Но тут за теткой захлопнулась дверь, а Энно остался возле этой двери, дергал за ручку и вроде как опять умолял и скулил.
Может, это не просто разминочка на сон грядущий, подумал Баркхаузен. Может, они поссорились, или Энно чего-то у нее потребовал, а она не дает, или она вообще знать не хочет влюбленного старого петуха… Да мне-то что за дело? Во всяком случае, он останется здесь на ночь, иначе зачем бы она ему постельку на диване устроила?
Энно Клуге как раз и стоял у постельки. Баркхаузен отчетливо видел лицо своего бывшего приятеля. И прямо ахнул от изумления. Вот только что он рыдал и жаловался, а теперь лыбится во весь рот, смотрит на дверь — и лыбится…
Стало быть, перед толстухой он просто ломал комедию. Ладно, мой мальчик, в таком разе желаю удачи! Боюсь только, Эшерих тебе музыку испортит!

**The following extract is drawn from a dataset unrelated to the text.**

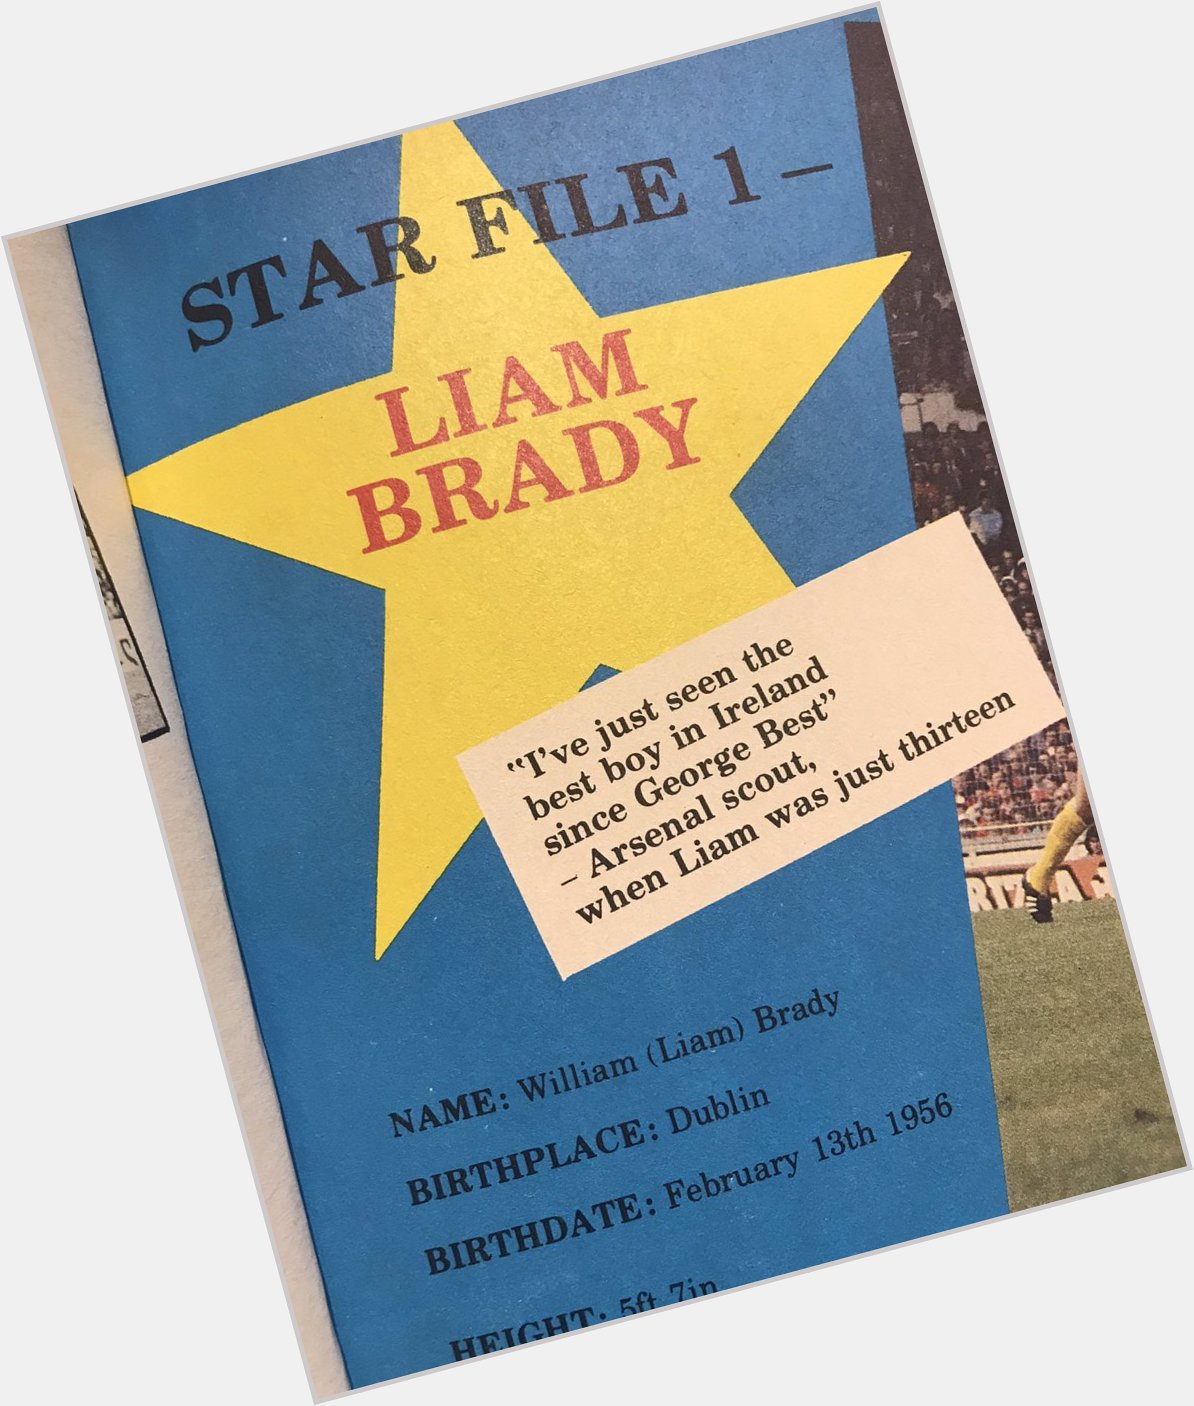 FA Soccer book for boys 1981. Happy birthday to Liam Brady  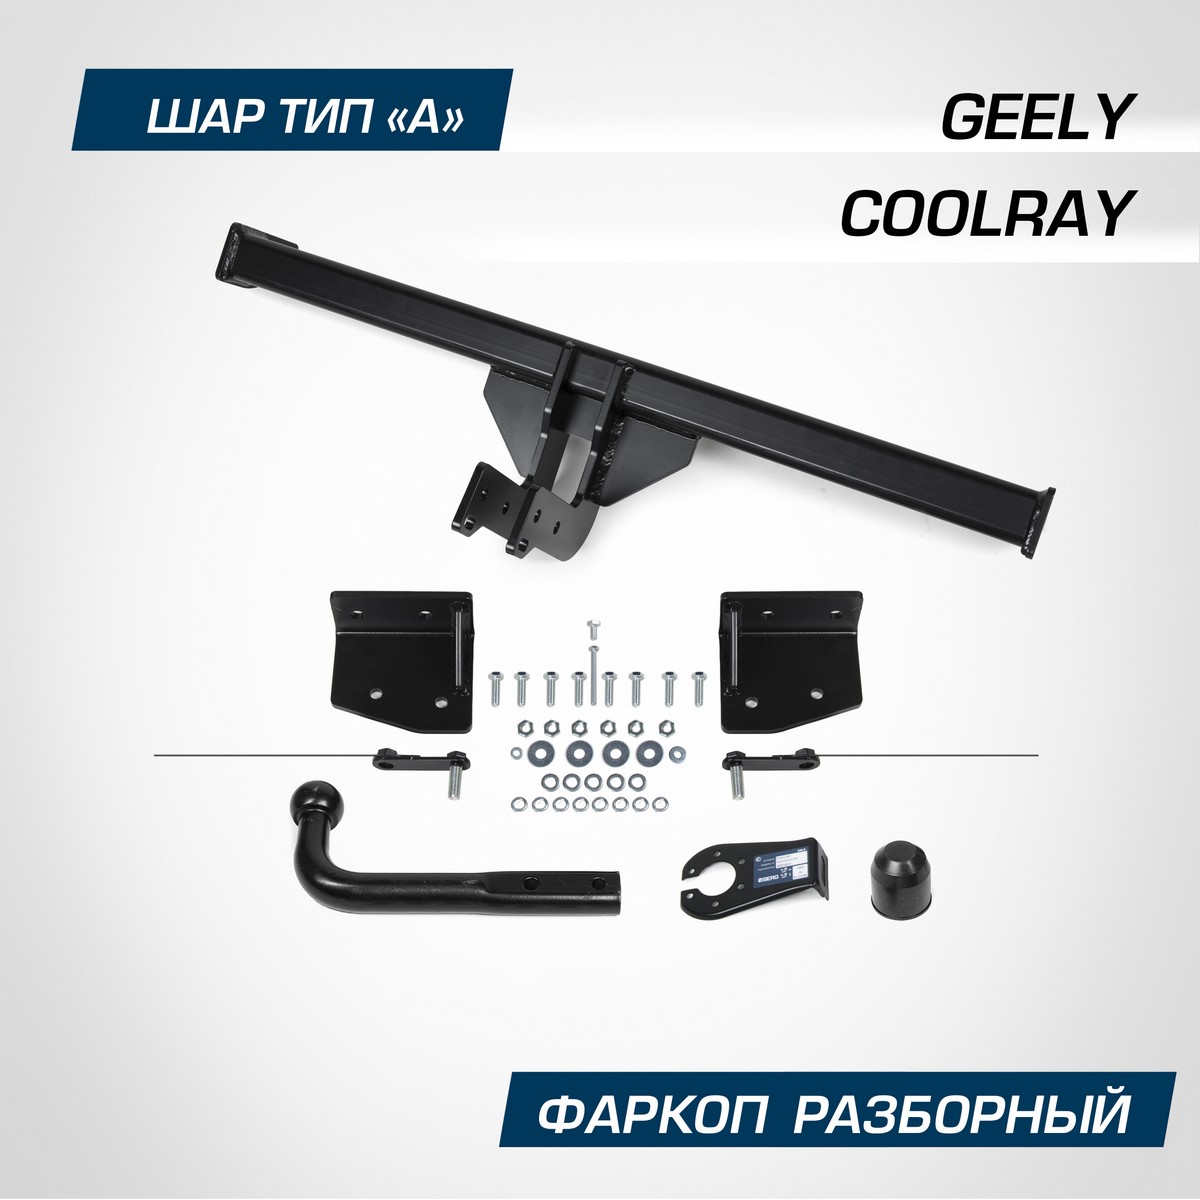 Фаркоп Berg для Geely Coolray SX11 2020-н.в., шар А, 1500/75 кг, F.1912.001

Клуге закурил. И направился прямо к окну, в которое пялился Баркхаузен. Тот испуганно отшатнулся вбок, в темноту — маскировочная штора со свистом упала вниз, и на сегодня Баркхаузен мог спокойно покинуть свой пост. Большого переполоха не ожидалось, по крайней мере, он уже ничего не увидит. Однако ж Энно этой ночью никуда от него не денется…
Вообще-то Баркхаузен уговорился с комиссаром Эшерихом, что, обнаружив Энно Клуге, сразу же ему позвонит, в любое время дня и ночи. Но сейчас, ночью, когда уходил от Кёнигстор, он все больше сомневался, что позвонить сразу же будет правильно, выгодно для него самого. Баркхаузен вдруг смекнул, что в этом деле участвуют две стороны, а значит, он может извлечь выгоду из обеих.
Денежки Эшериха ему обеспечены, так почему бы не попытаться выкачать маленько и из Энно Клуге? Ведь у хлюпика было пятьдесят марок, а после победы Адебара стало аж две с лишним сотни, так почему же он, Баркхаузен, не может прикарманить и эти денежки? Эшерих от этого убытку не понесет, все равно получит своего Энно, да и Энно тоже лишнего убытку не будет, деньги-то в гестапо так и так отберут. Ну вот!
Вдобавок толстуха, за которой Энно так смешно елозил на коленках. У этой тетки наверняка водятся денежки, может, и немалые. Магазинчик выглядит недурственно, товаров много, да и от покупателей, как видно, отбою нет. Н-да, раз Энно елозил на коленках да клянчил, то полного согласия меж ними вроде бы пока незаметно, это точно, но разве кто выдаст гестапо любовника, хотя бы и отставного? Тот факт, что толстуха, несмотря на отставку, еще терпит Энно у себя и стелет ему постель на диване, доказывает, что Энно покамест чем-то ей дорог. А коли так, значит, она раскошелится, отстегнет маленько. И от этого «маленько» Эмиль Баркхаузен отказываться не собирался.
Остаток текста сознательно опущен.